> Source data:

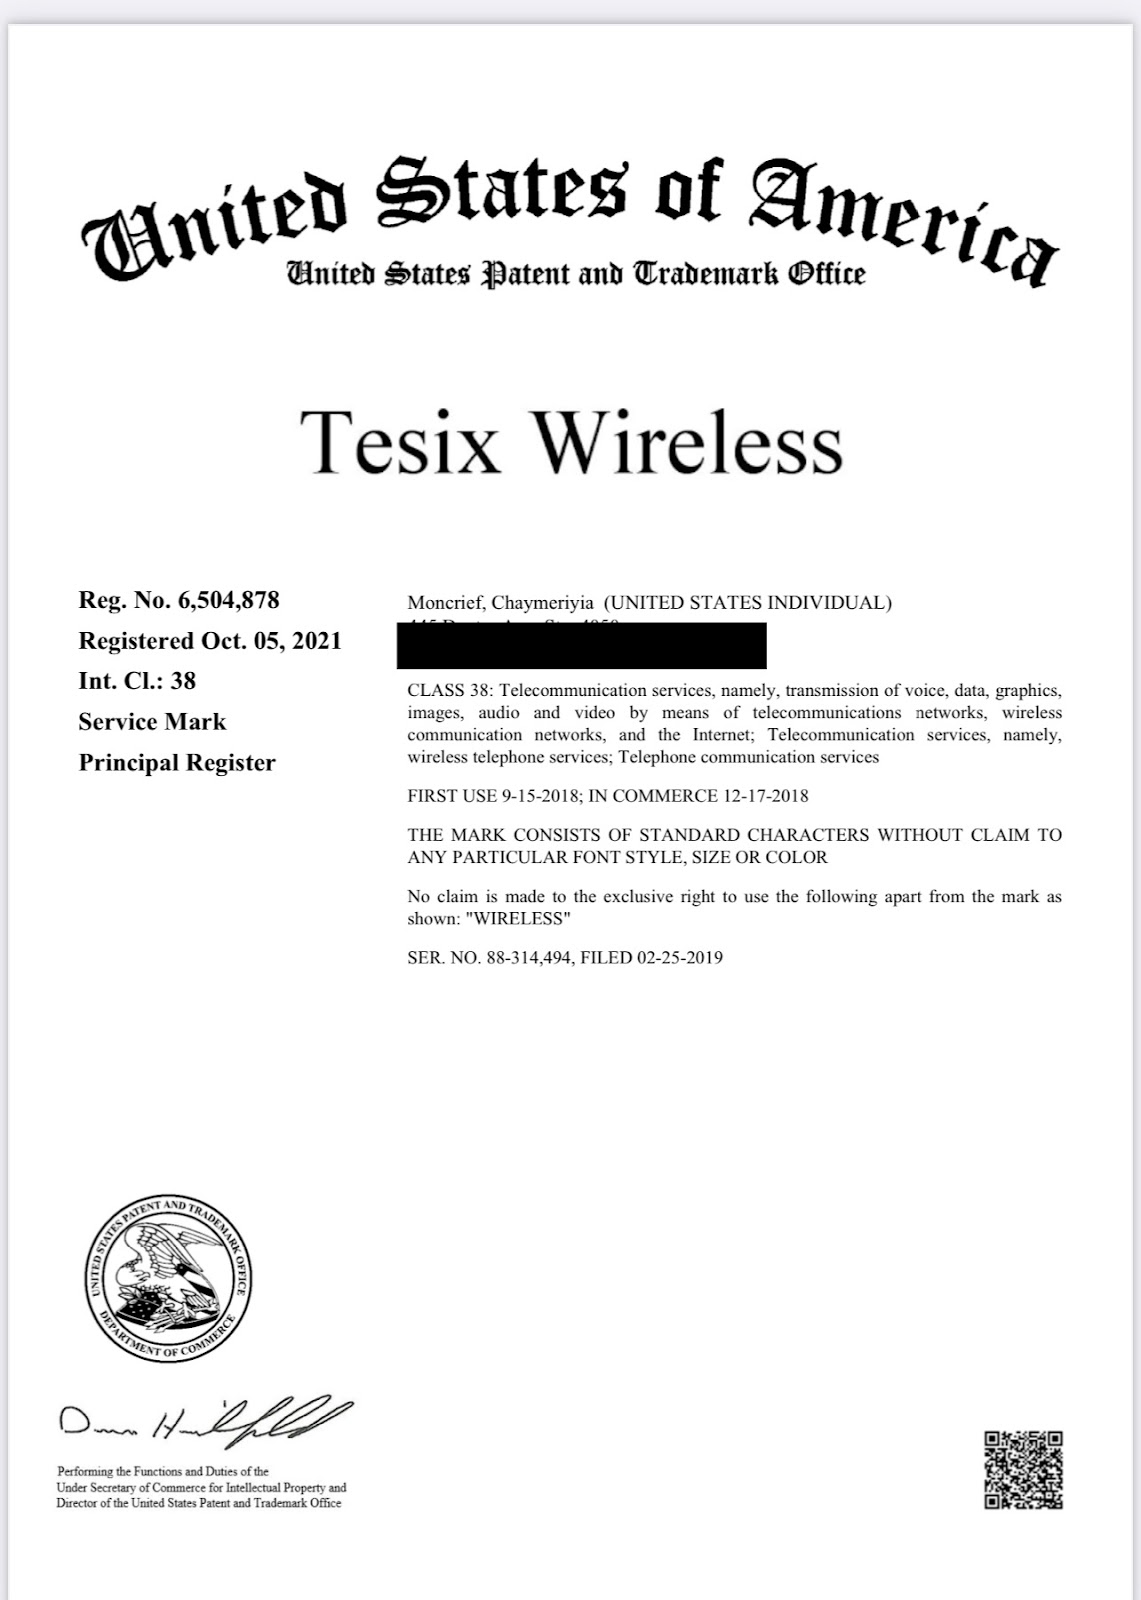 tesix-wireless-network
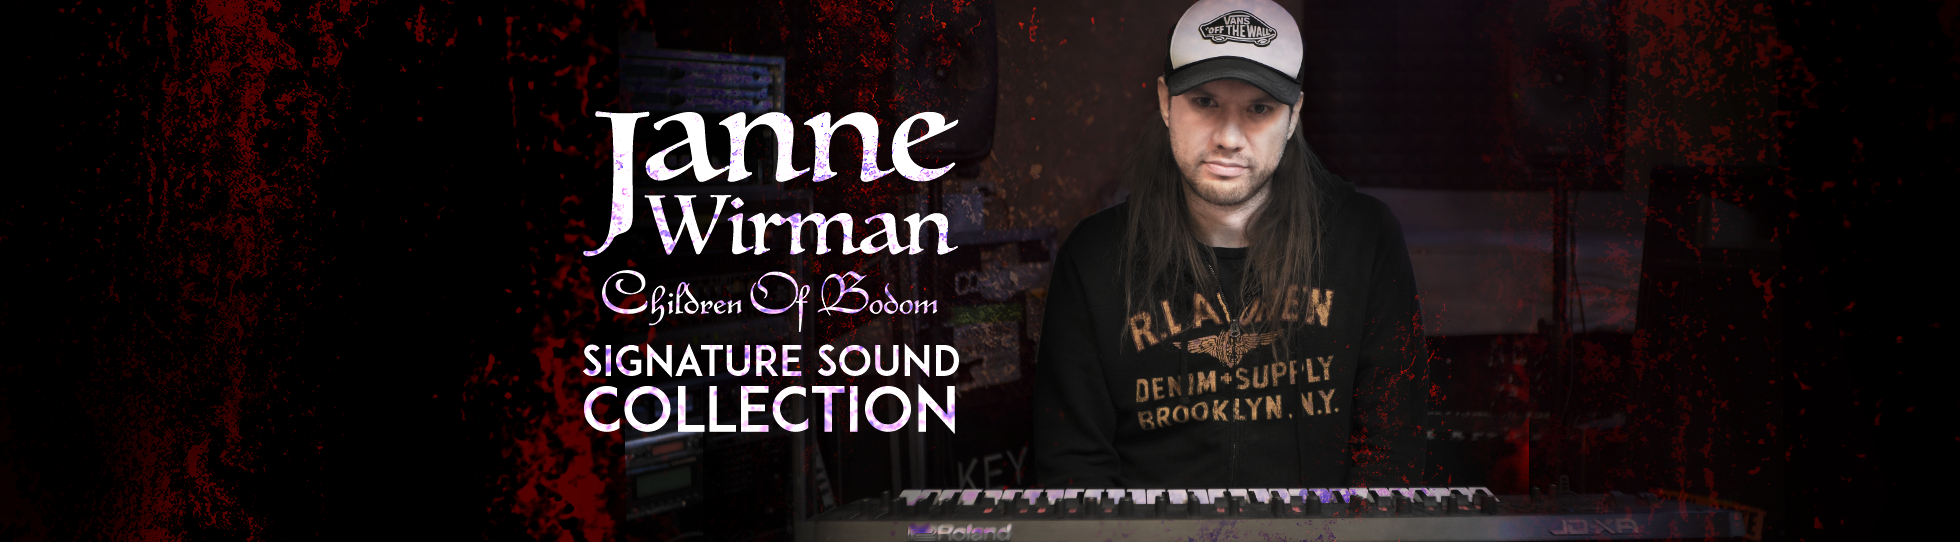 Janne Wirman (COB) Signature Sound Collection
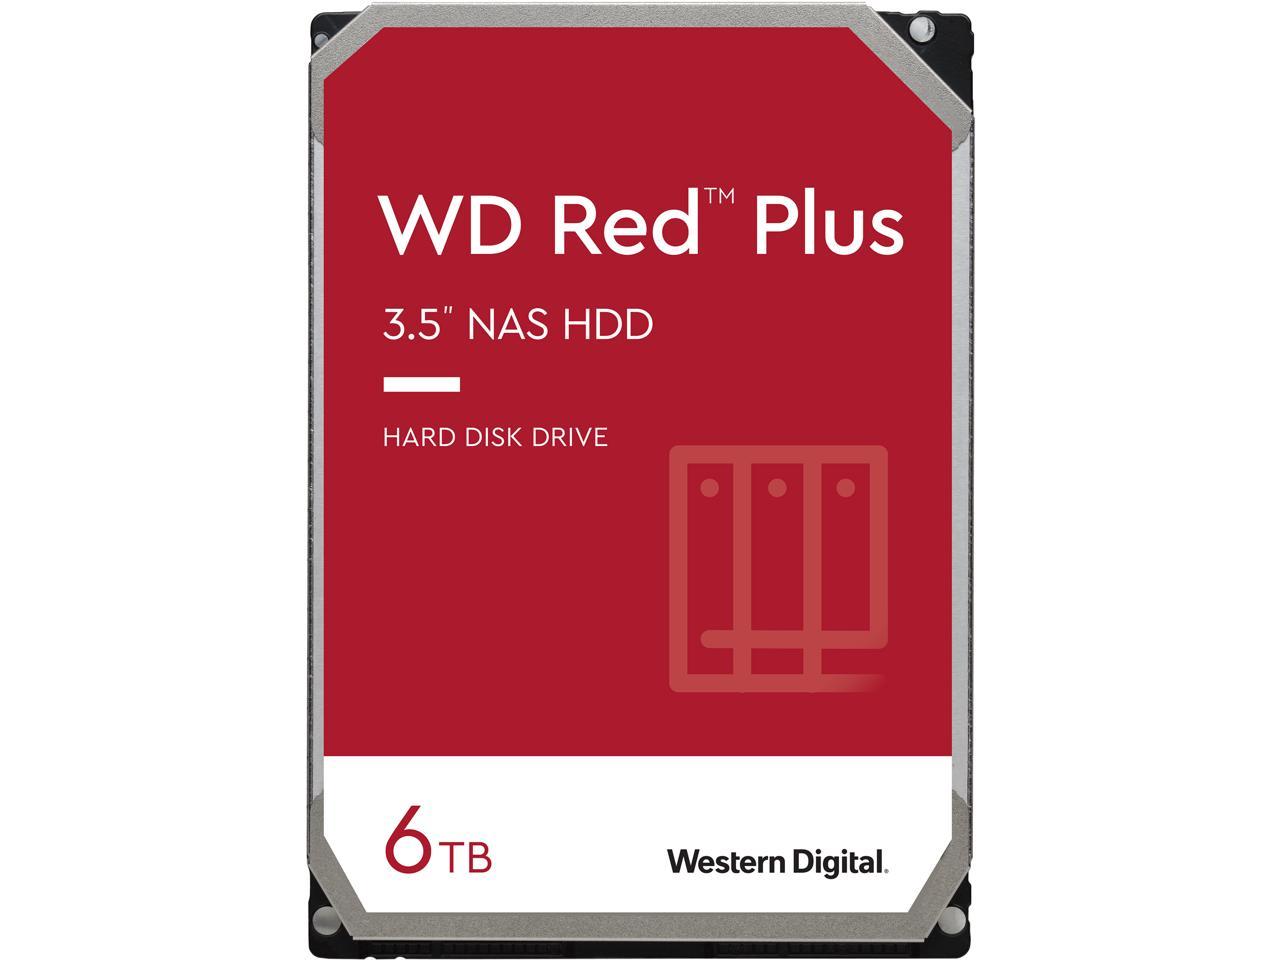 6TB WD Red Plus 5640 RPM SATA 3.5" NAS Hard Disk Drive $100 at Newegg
...
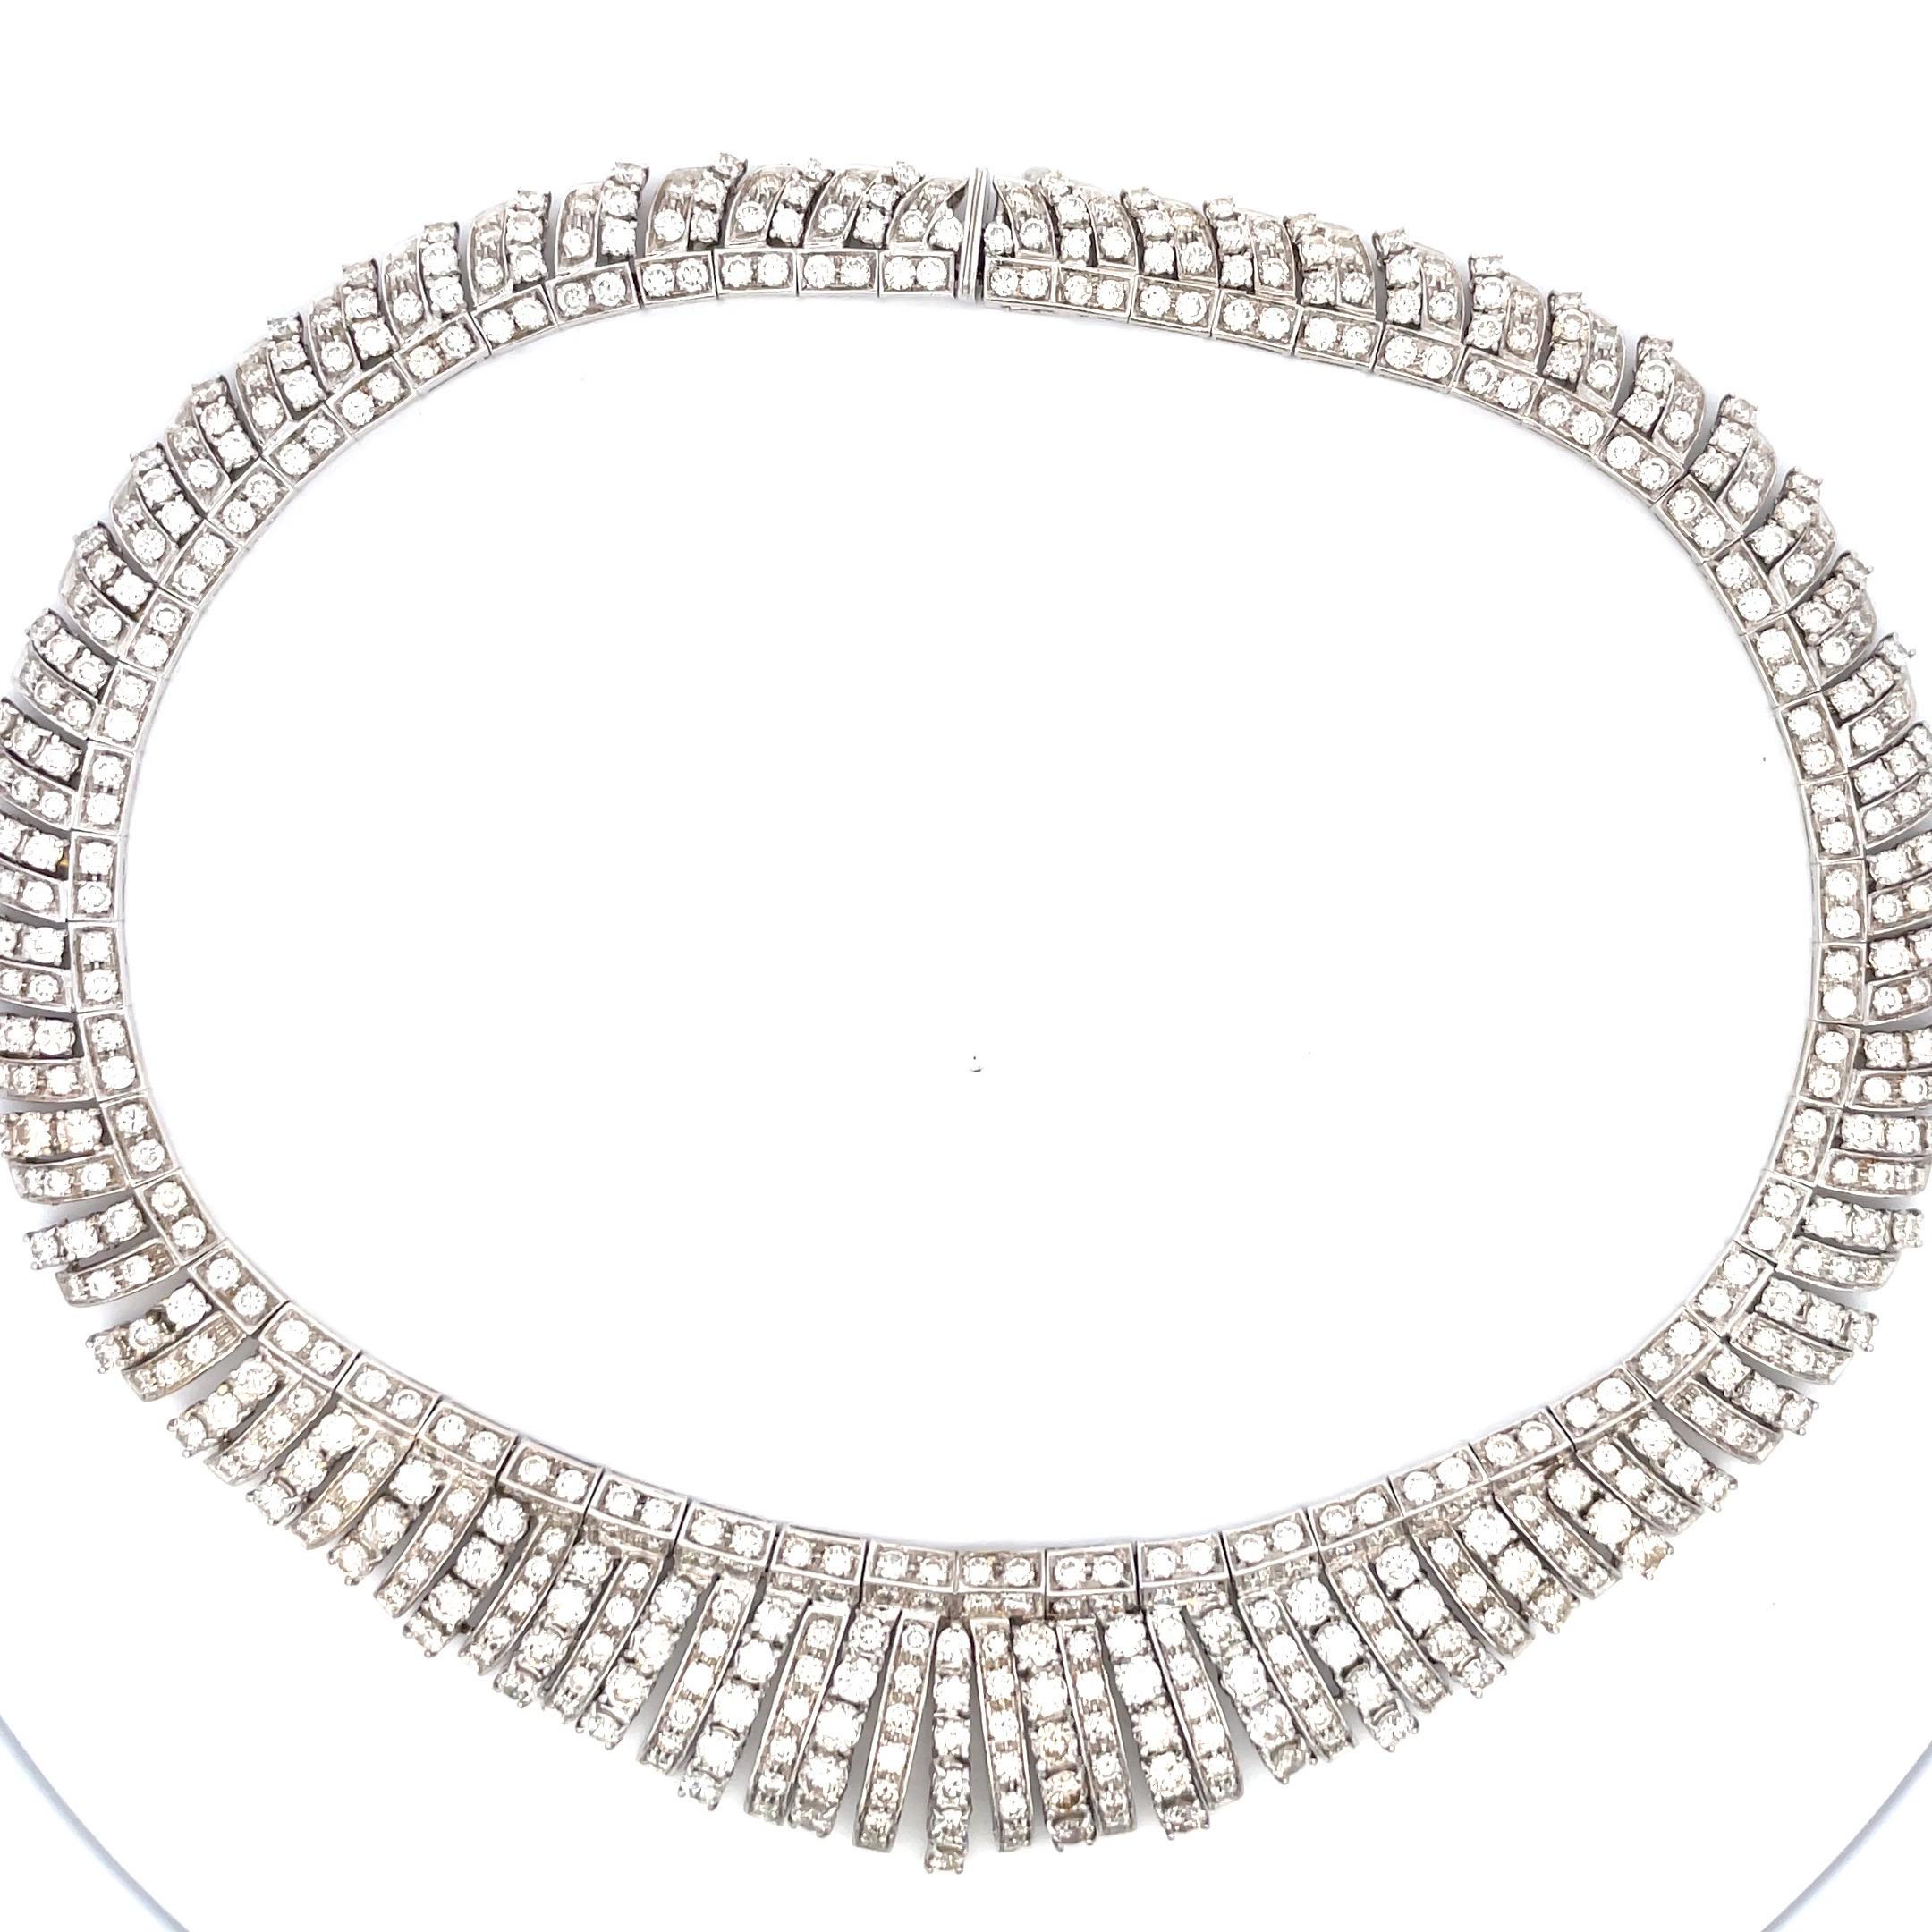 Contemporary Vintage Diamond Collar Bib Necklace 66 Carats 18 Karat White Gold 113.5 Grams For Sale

> Your assignment:
In the listing above, find the line containing "Janne Wirman (COB)" and the line containing "6TB WD Red Plus". Reproduce those lines and all between them exactly, with no pictures and nothing more.

> Final answer:
 Janne Wirman (COB) Signature Sound Collection
 6TB WD Red Plus 5640 RPM SATA 3.5" NAS Hard Disk Drive $100 at Newegg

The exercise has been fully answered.